Solve $$\frac{1}{x}+\frac{1}{y}=\frac{1}{2}+\frac{1}{z},$$ where $x, y, z$ are positive integers.
So far I have:
If $x=y=z \Rightarrow(x, y, z) = (2, 2, 2)$.
If $x=z \Rightarrow (x, y, z) = (k, 2, k)$, where $k$ is natural.
If $y=z \Rightarrow (x, y, z) = (2, k, k)$, where $k$ is natural.
If $x=y \Rightarrow (x-4)(z+2) = -8 \Rightarrow x = 1, 2,3$. The first two cases yield already known solutions. The third yields $(x, y, z) = (3, 3, 6)$.

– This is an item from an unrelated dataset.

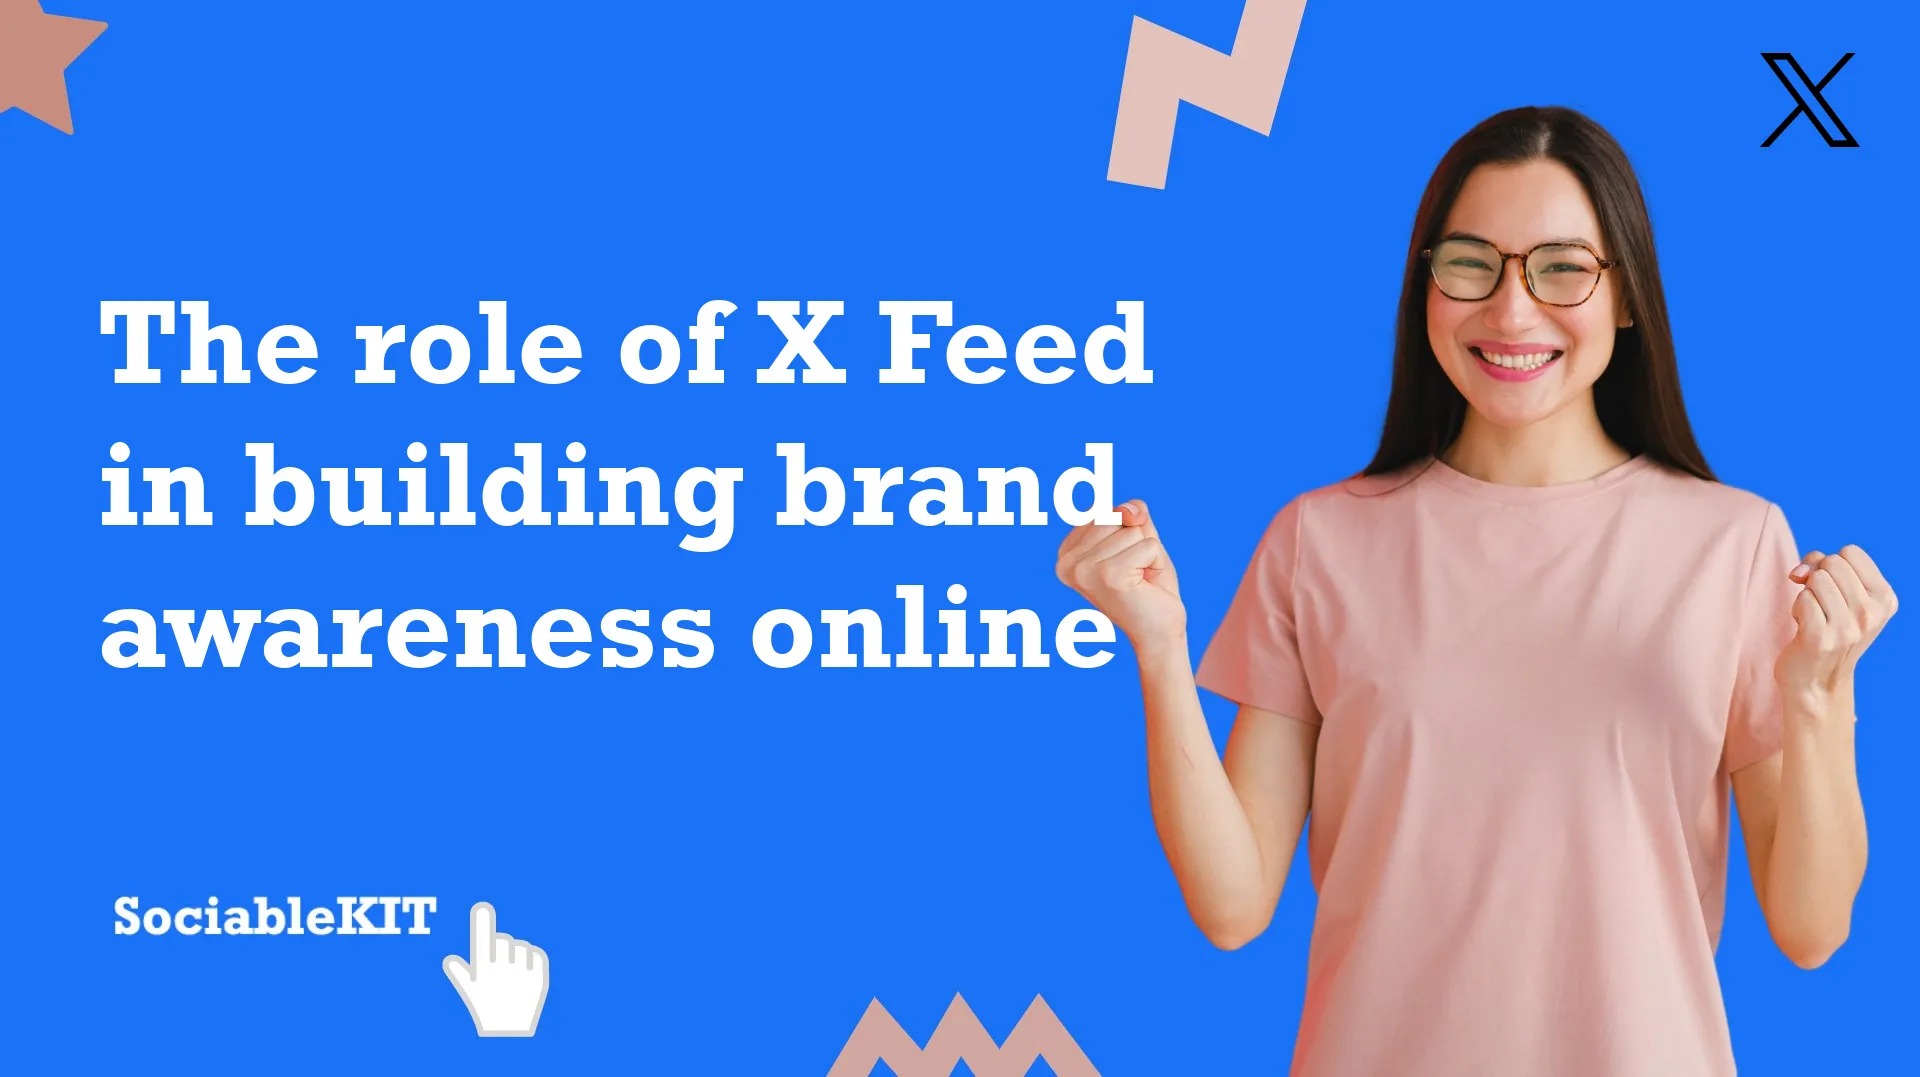 The role of X Feed in building brand awareness online

Now I tried to look at the case where $a \ne b \ne c$ and try to establish some bounds (e.g. $z > x, y$) but this has not yielded anything useful.
By symmetry, we assume $x\leq y$ throughout this discussion.
Cases:
If $x=1$, then the equation simplifies to $\frac{1}{2}+\frac{1}{y}=\frac{1}{z}$. Then $z=1$ since otherwise the LHS is larger than the RHS. When $z=1$, we have $y=2$.

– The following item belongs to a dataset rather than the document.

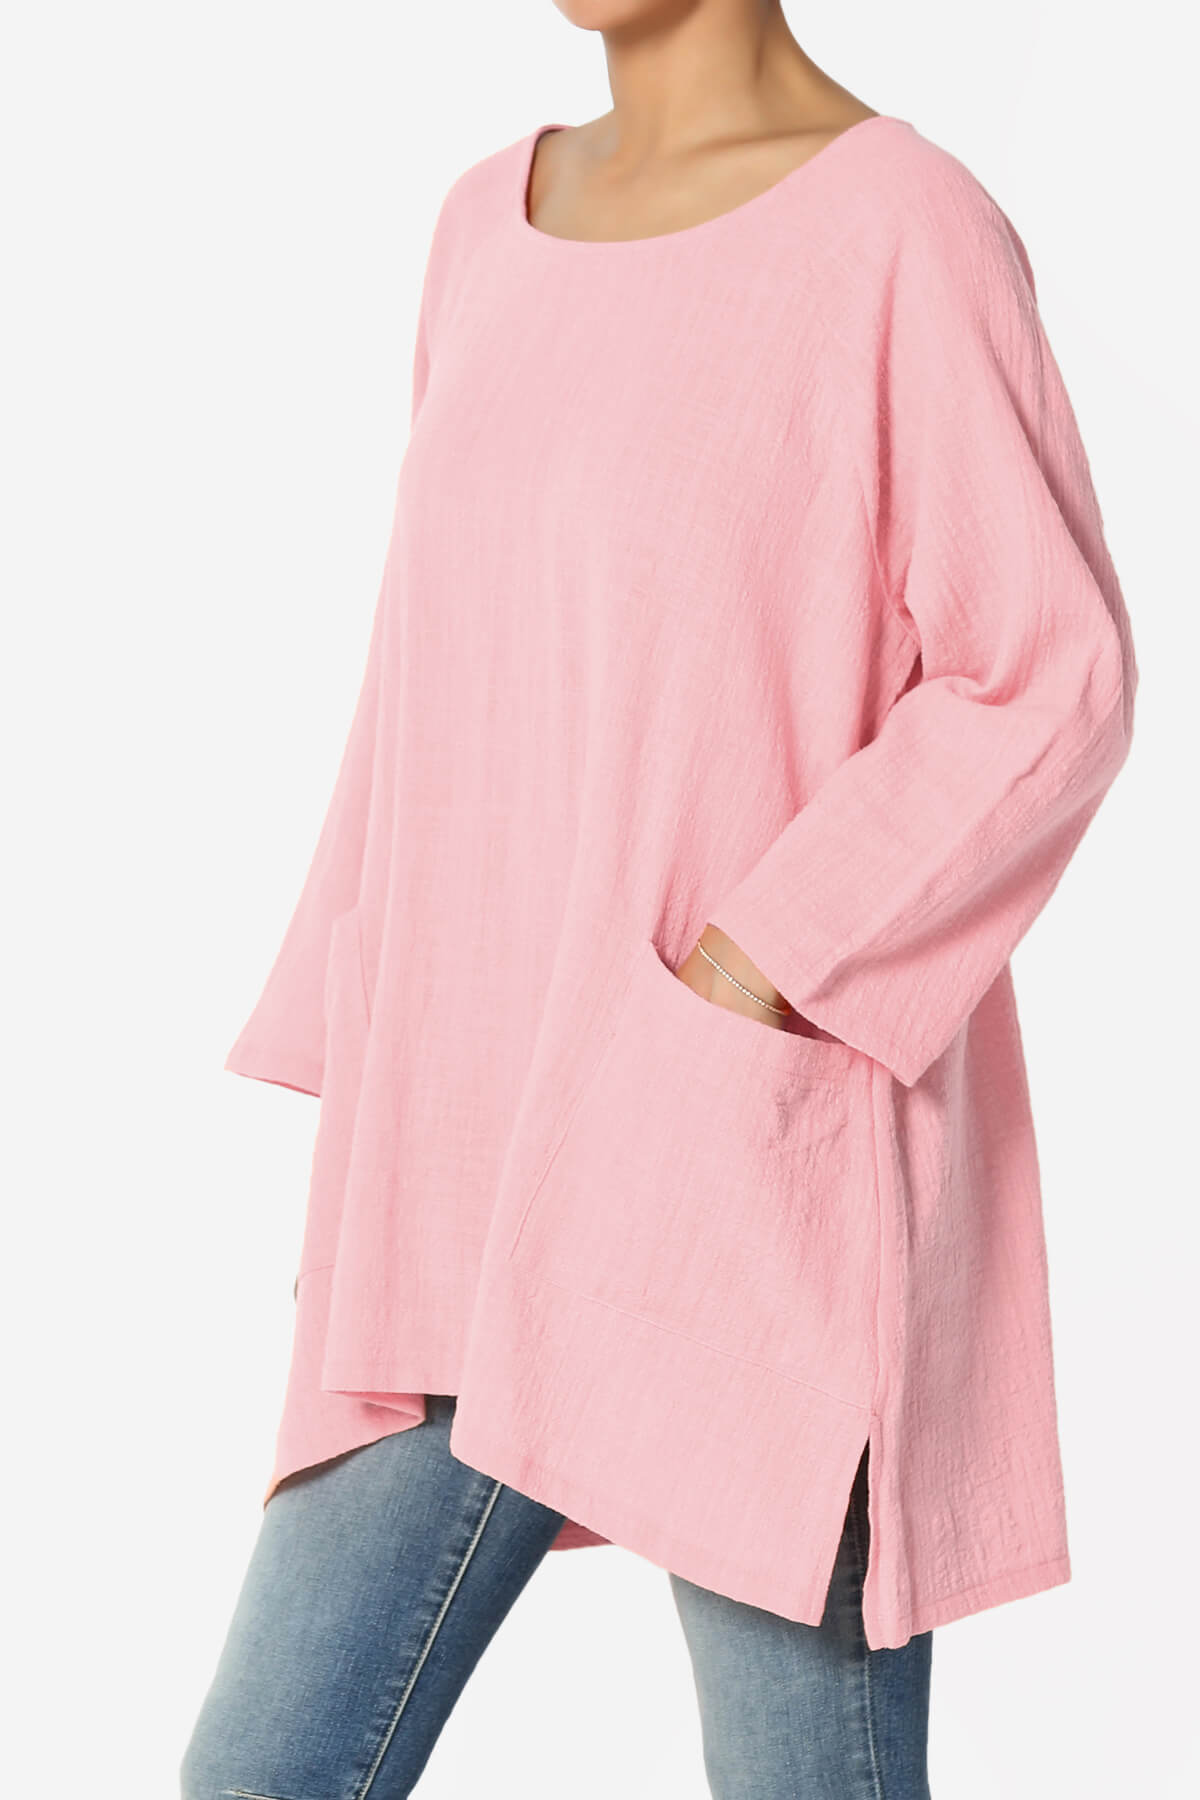 Load image into Gallery viewer, Nesta Gauze Pocket Cover Up Top DARK PINK_3

If $x=2$, then the equation simplifies to $\frac{1}{y}=\frac{1}{z}$, which can be solved for any $y$ and $z$.
If $x=3$, then we have $3\leq y<5$ as possible left-hand-sides (each of which can be checked).
If $x=4$, then $y\geq 4$ and the LHS is less than the RHS and there are no solutions.